If you doubt his talent, you didn't see the game Querrey flashed during his opening match Tuesday afternoon against 22nd-seeded Tomas Berdych of the Czech Republic. Last August, Berdych was a top-10 player. He has one win over Roger Federer and three over Rafael Nadal. Last time he played Querrey, five months back, Berdych lost just three games.

But Tuesday, in one of this tournament's most surprising early results, the lanky, 6-foot-6 Querrey did the steamrolling, winning, 6-3, 6-1, 6-2. It was a match that fully displayed the kind of loose, hard-hitting, potentially devastating game that should warm the hearts of those worried about the future of American tennis.

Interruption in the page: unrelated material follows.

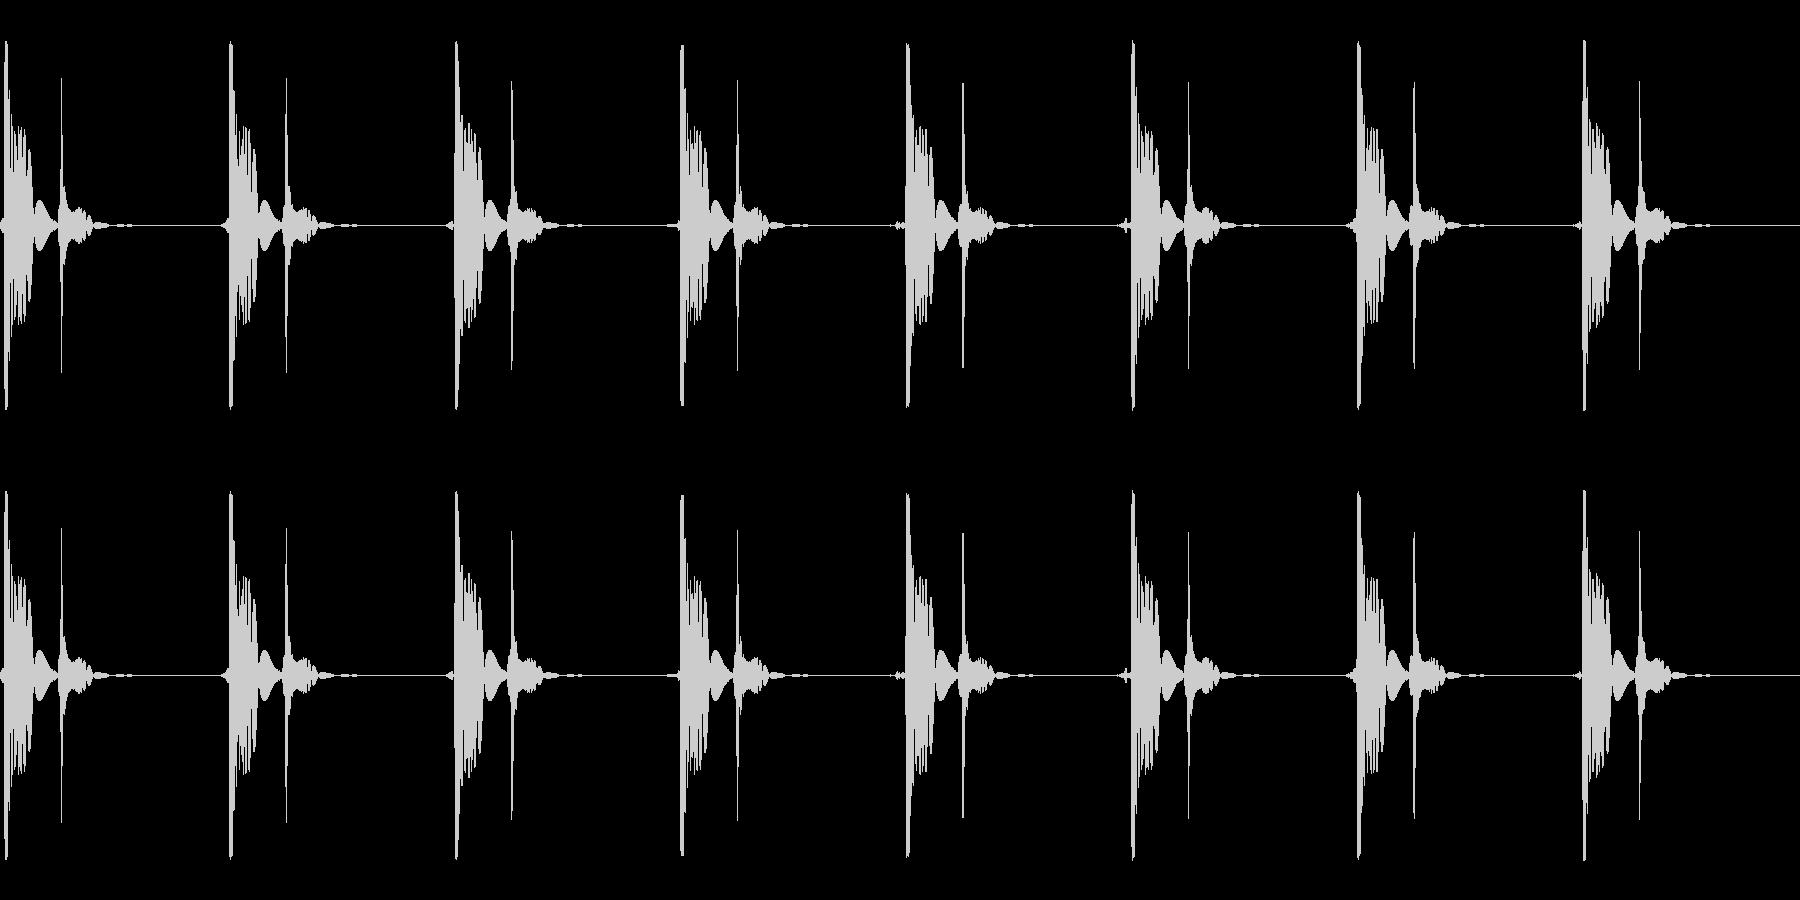 心臓の鼓動_上昇_心拍数86の未再生の波形
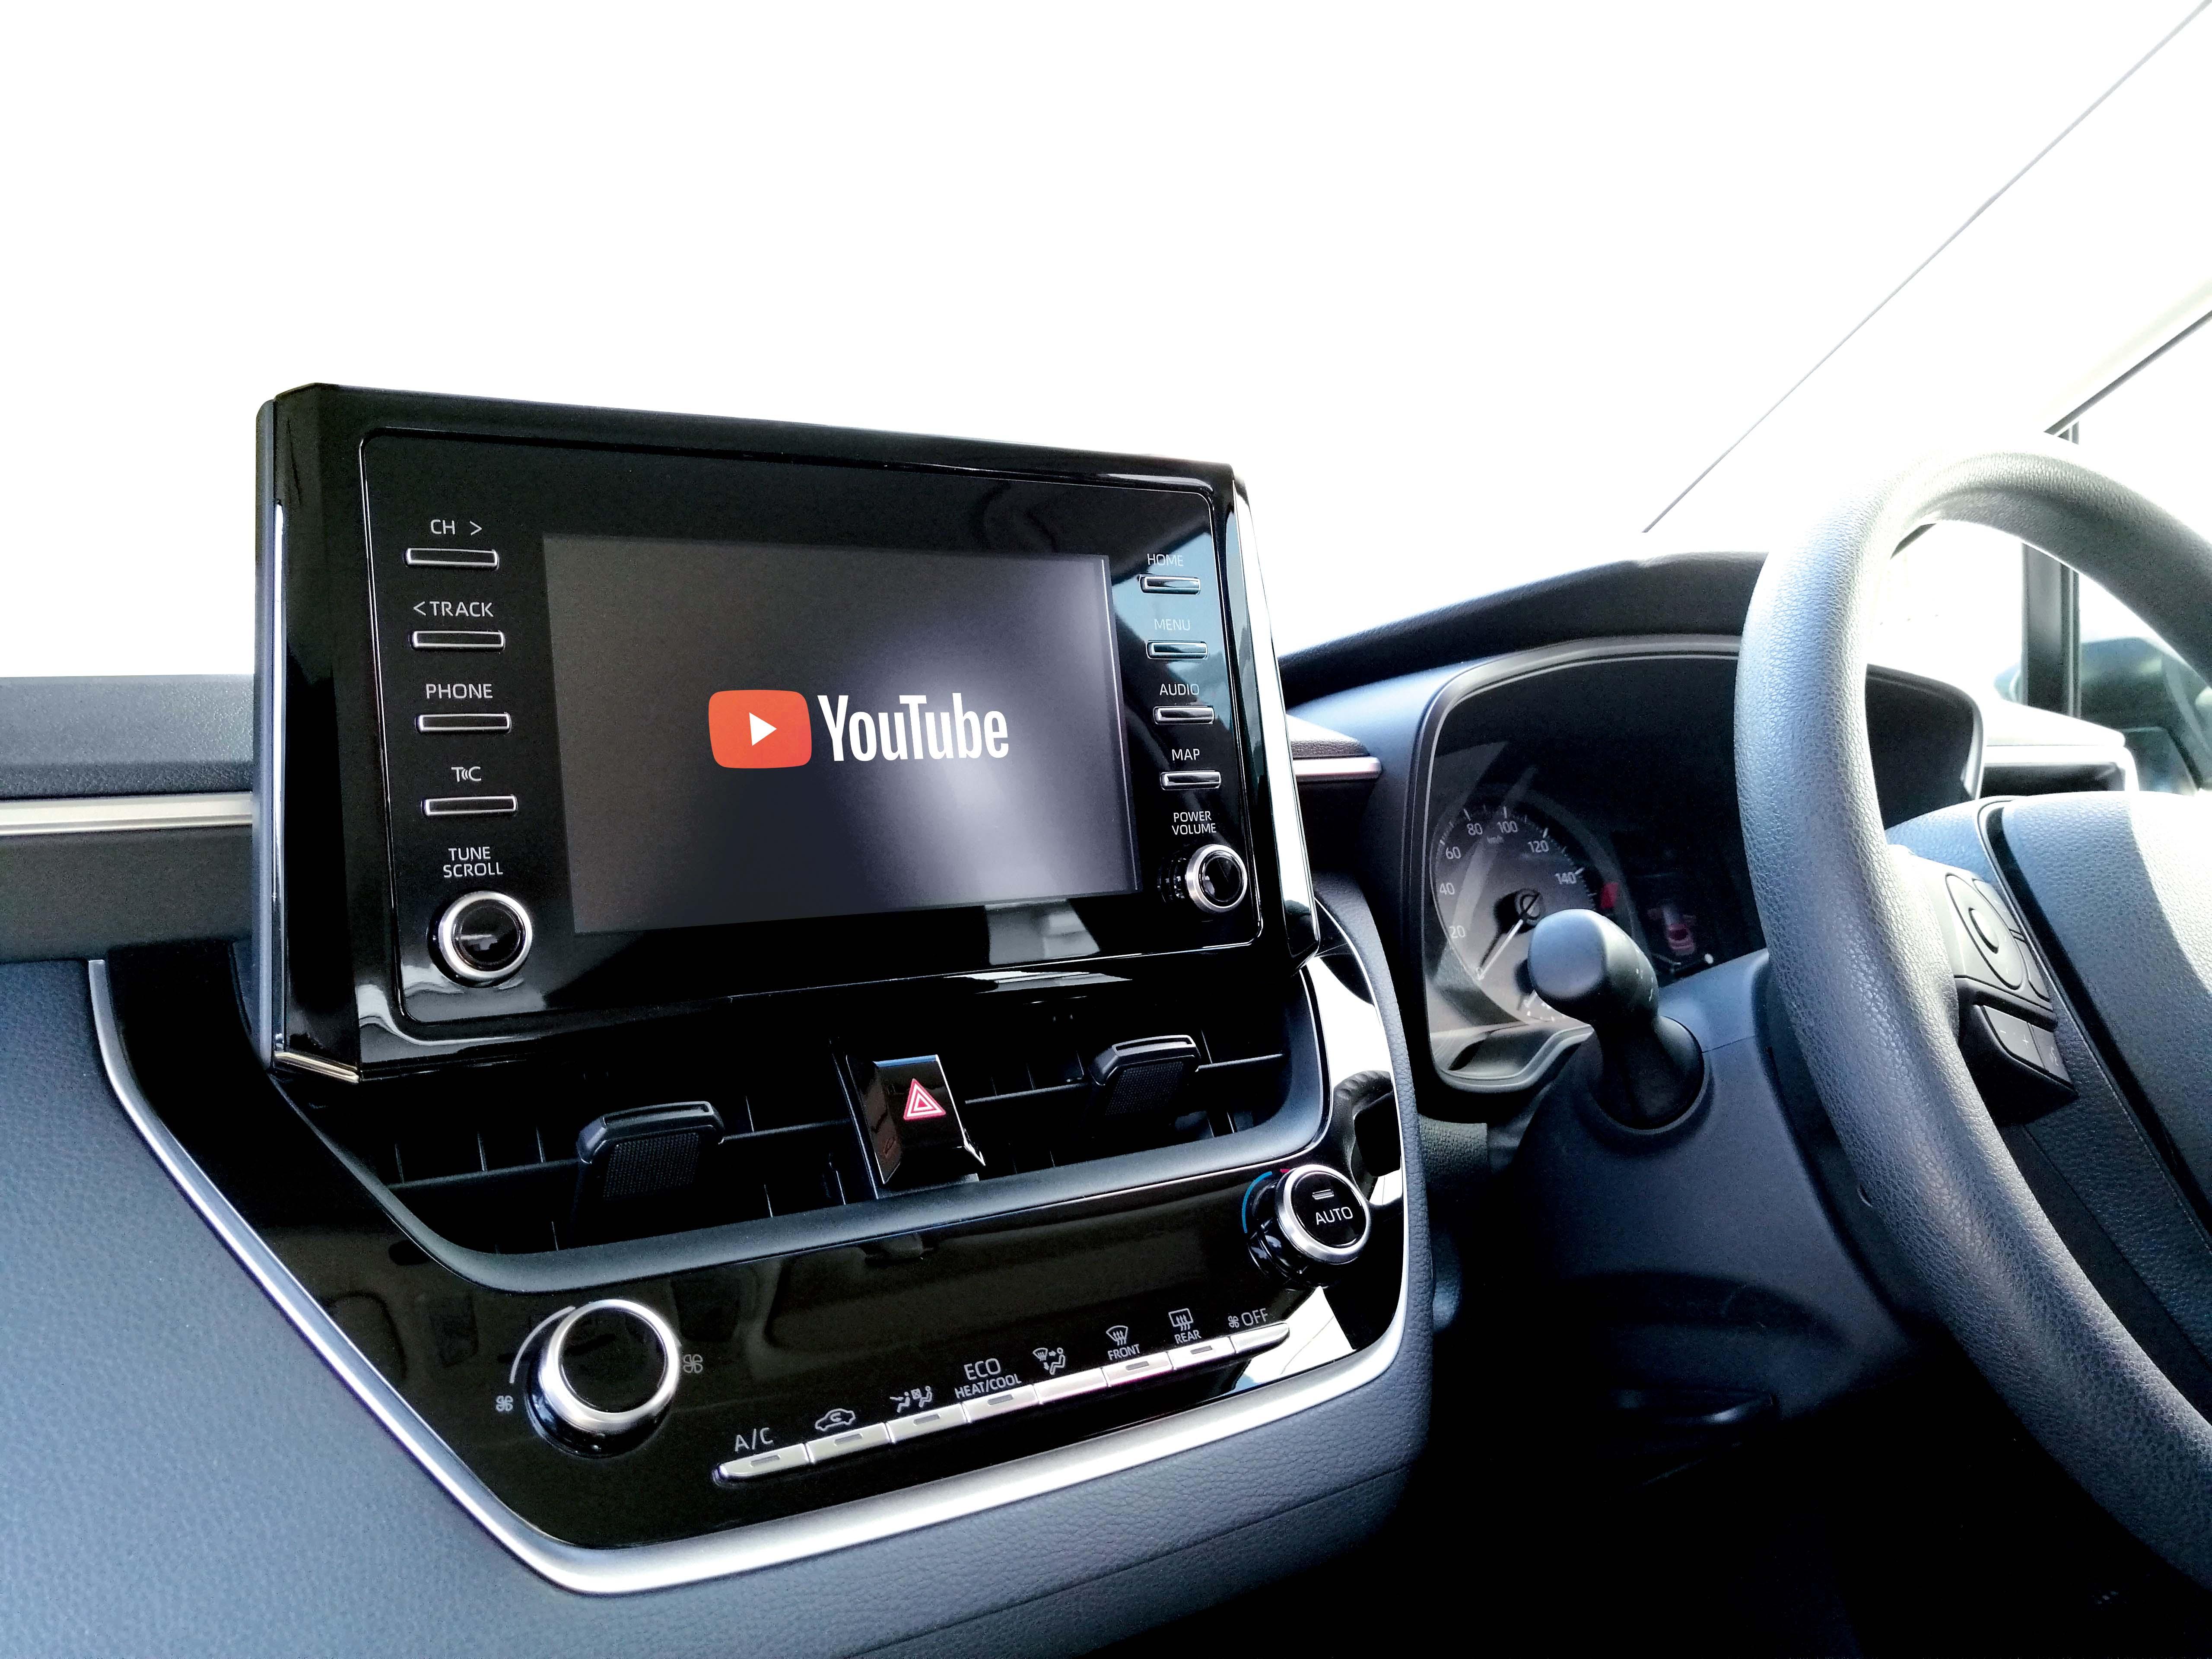 Hdmi トヨタ ディスプレイ オーディオ トヨタ カローラツーリング

"One of those days where everything just goes right," said Querrey, who felt so good about his win that he called it one of the top three matches he's played. Querrey broke Berdych, possessor of a cannon serve, twice to start the match. He played the rest of the way with an easy flow, backing his big serve with an aggressive baseline game, pinning Berdych back with strokes that seemed to catapult from his racket, his arms free of any noticeable tension.

"I just like to be loose," Querrey said. "I've always been that way. . . . I just do what works for me."

It's refreshing, in this the age of the pampered and insecure, to find a young athlete who seems as comfortable in his own skin as this one. Maybe it's the way he grew up. American tennis is overly infatuated with sending young players away from their parents and off to assembly-line tennis factories.